The pharmacokinetics of conventional and bioenhanced tablet formulations of danirixin (GSK1325756) following oral administration in healthy, elderly, human volunteers
Danirixin (GSK1325756) is a small, high-affinity, selective, and reversible CXCR2 antagonist being developed for the treatment of chronic obstructive pulmonary disease (COPD). This study aimed to evaluate the relative bioavailability, including inter-subject variability, of a conventional immediate-release (IR) formulation and two prototype bioenhanced formulations of danirixin under gastric acid suppression in a healthy, elderly population.

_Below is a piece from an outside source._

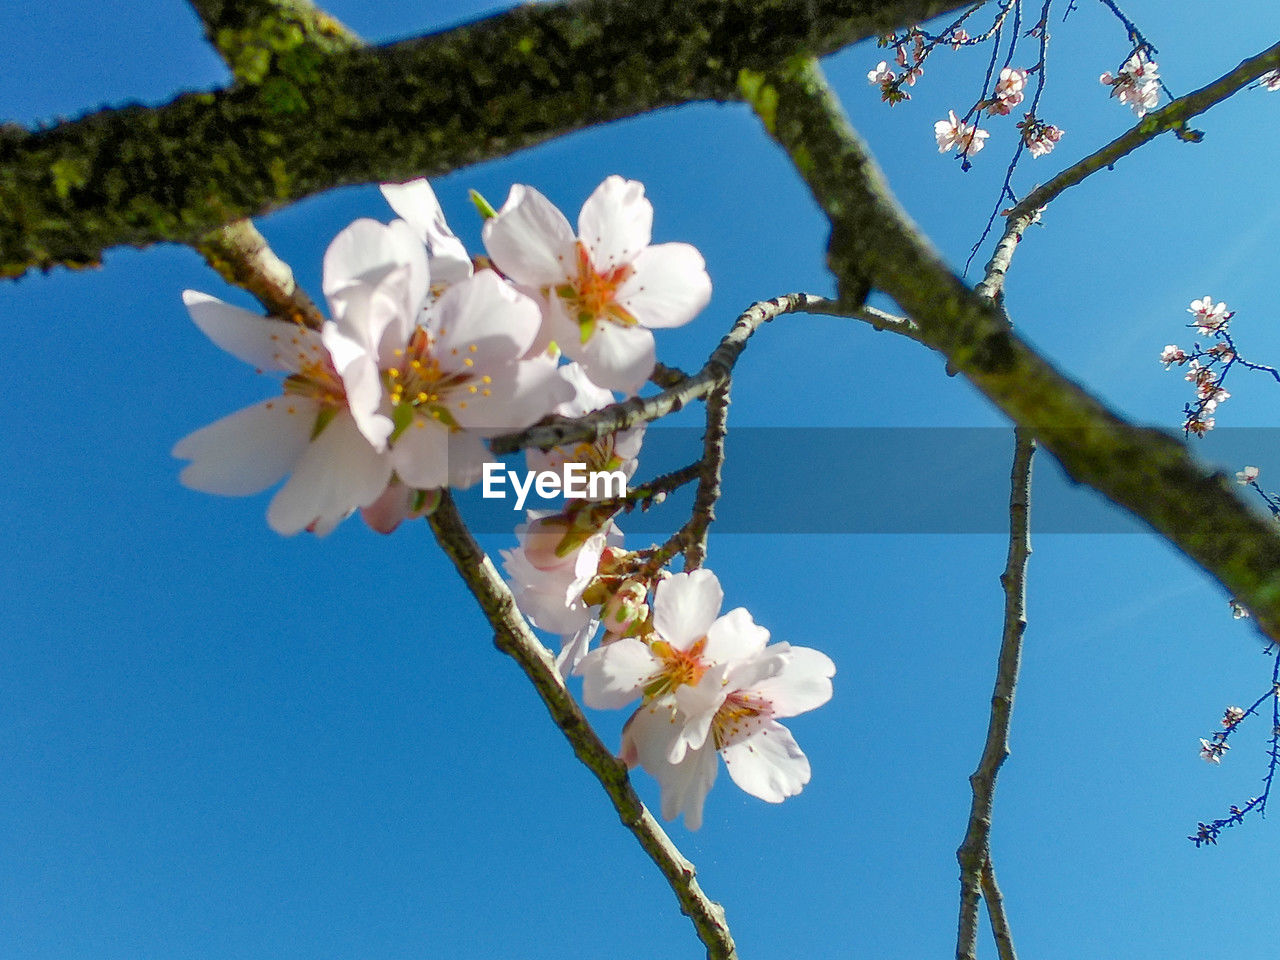 plant, flower, flowering plant, tree, fragility, blossom, beauty in nature, freshness, springtime, branch, nature, growth, sky, blue, clear sky, white, low angle view, no people, close-up, day, inflorescence, fruit tree, twig, flower head, petal, outdoors, cherry blossom, produce, spring, pink, botany, sunny, sunlight, apple tree, focus on foreground, food and drink, pollen, food, fruit, almond tree, apple blossom

A single-center, crossover study was conducted with healthy male and female volunteers aged 65-80 years. Participants were randomized to receive 50 mg of danirixin IR in both fed and fasted states, and 50 mg of Bioenhanced Formulations 1 and 2 in the fasted state. Additionally, all subjects received 20 mg of omeprazole daily, starting 4 days before the first treatment and continuing through the final dosing period.
Twenty subjects were randomized and completed the study. Bioenhanced Formulation 2 in the fasted state showed the highest adjusted geometric means for AUC(0-t), AUC(0-inf), AUC(0-24), and C max. Danirixin IR showed higher adjusted means in the fed state compared to the fasted state. All formulations exhibited significant inter-subject variability (CVb >100 %). The overall incidence of adverse events (AEs) was 10% for danirixin IR (both fed and fasted states) and 15-20% for the bioenhanced formulations. Most AEs were mild, with no serious AEs reported.
Concomitant use of omeprazole resulted in considerable inter-subject variability in danirixin exposure. The bioenhanced formulations were unable to overcome the impact of omeprazole on exposure and variability across subjects.